Il mare quella mattina sembrava trattenere il respiro. Le onde si muovevano appena, come se temessero di disturbare la lunga fila di pali che avanzava nell’acqua, decisa e silenziosa, verso un punto che nessuno poteva vedere.
Si diceva che un tempo fossero parte di un molo, l’ingresso a un piccolo porto ormai dimenticato. Ma c’era chi giurava che fossero qualcosa di diverso: un sentiero. Non un sentiero qualunque, però. Un passaggio per chi aveva bisogno di lasciare a riva un pensiero troppo pesante.
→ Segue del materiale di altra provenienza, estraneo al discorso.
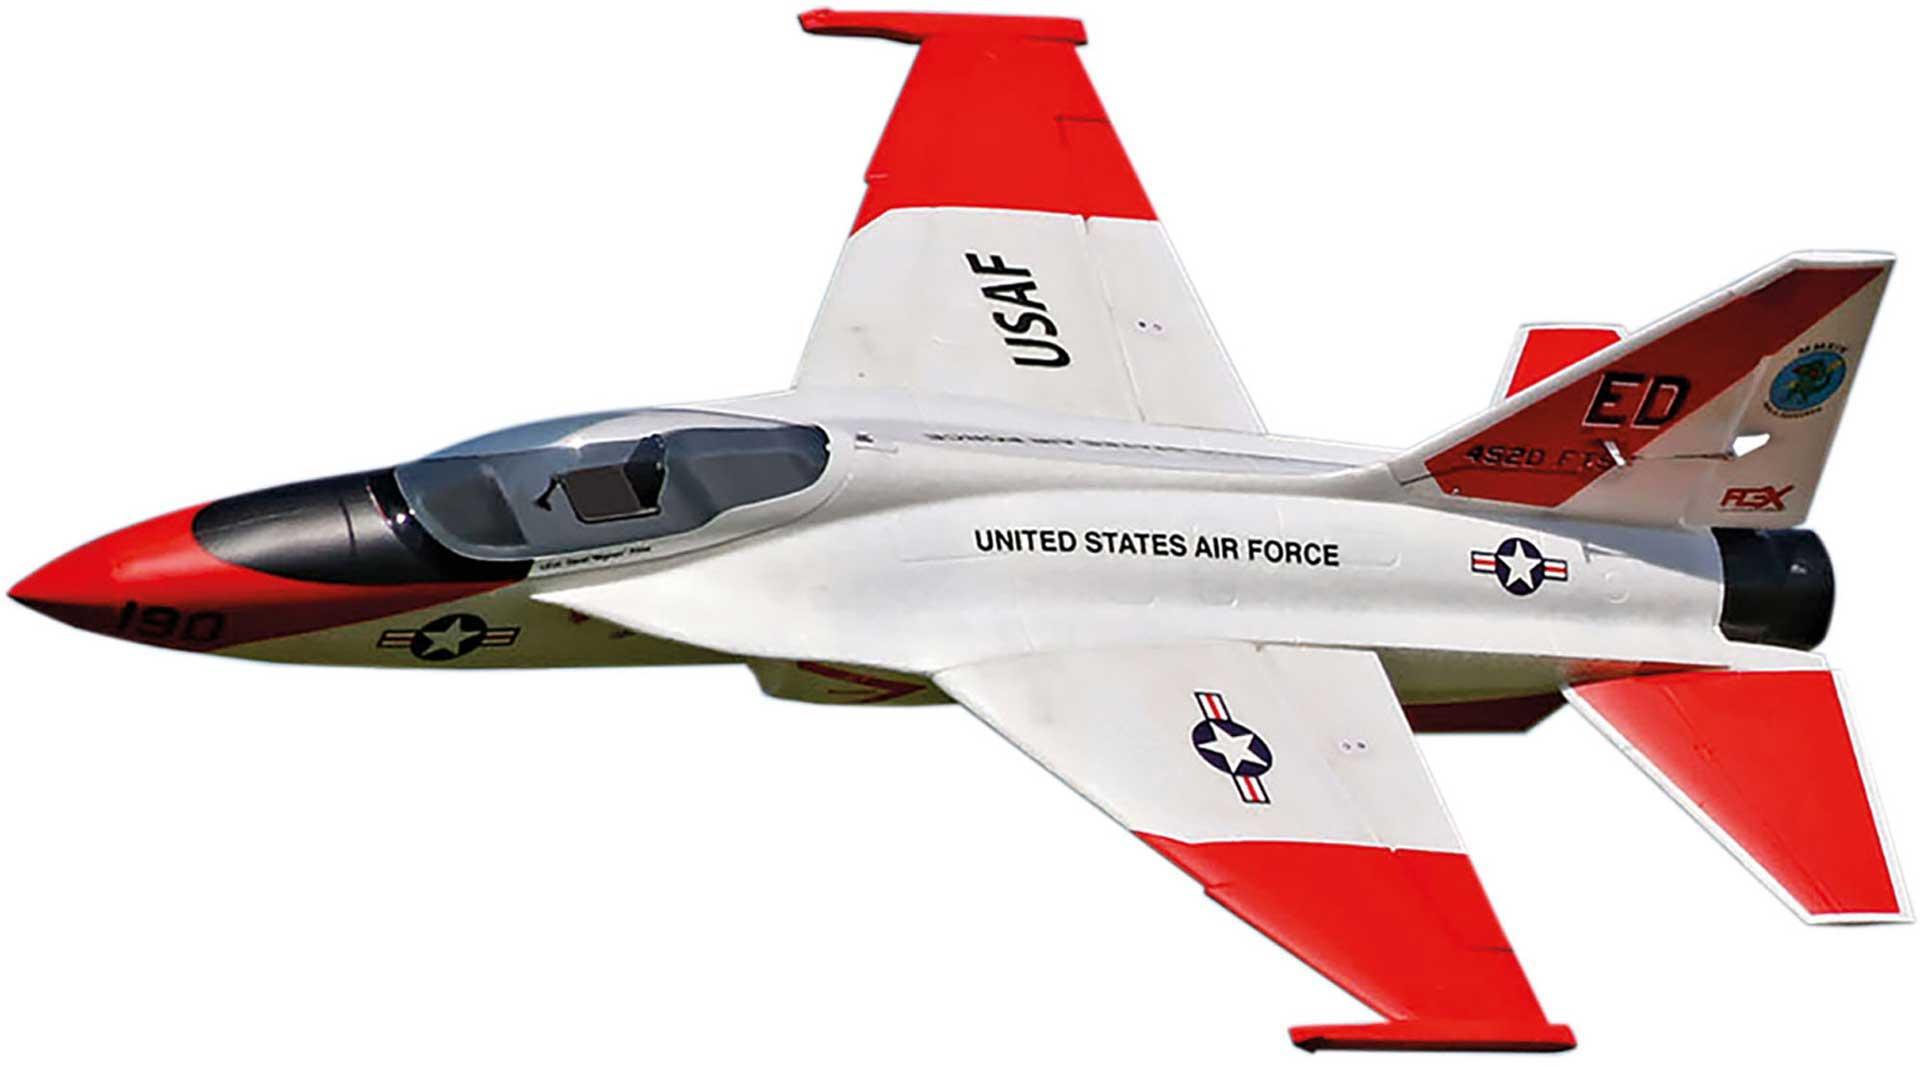 PREMIER AIRCRAFT FLEXJET 90MM EDF IMPELLER JET SUPER PNP ORANGE MIT AURA 8 AFCS

Secondo la storia, bastava camminare fino all’ultimo palo—quello che si intravedeva appena, quasi inghiottito dal mare—per sussurrare un ricordo, una paura o un desiderio che non si aveva il coraggio di dire ad alta voce. Il mare, in cambio, lo avrebbe custodito per sempre.
Quella mattina, mentre il cielo iniziava a schiarire, qualcuno era venuto fino lì. Aveva percorso la spiaggia deserta, lasciando impronte che l’acqua non avrebbe raggiunto per ore. Si fermò davanti alla fila di tronchi, inspirò lentamente, e iniziò a camminare.
Ogni passo era un battito in più. Ogni scricchiolio del legno un ricordo che riaffiorava.
Quando arrivò in fondo, il mare era diventato una distesa immobile. La persona chiuse gli occhi, lasciò andare le parole che pesavano da tempo… e poi rimase a respirare, senza fretta.
Non accadde nulla di straordinario. Il mare non cambiò colore, nessuna onda si alzò.
Eppure, tornando indietro, la camminata fu più leggera.
Come se il mare avesse davvero ascoltato.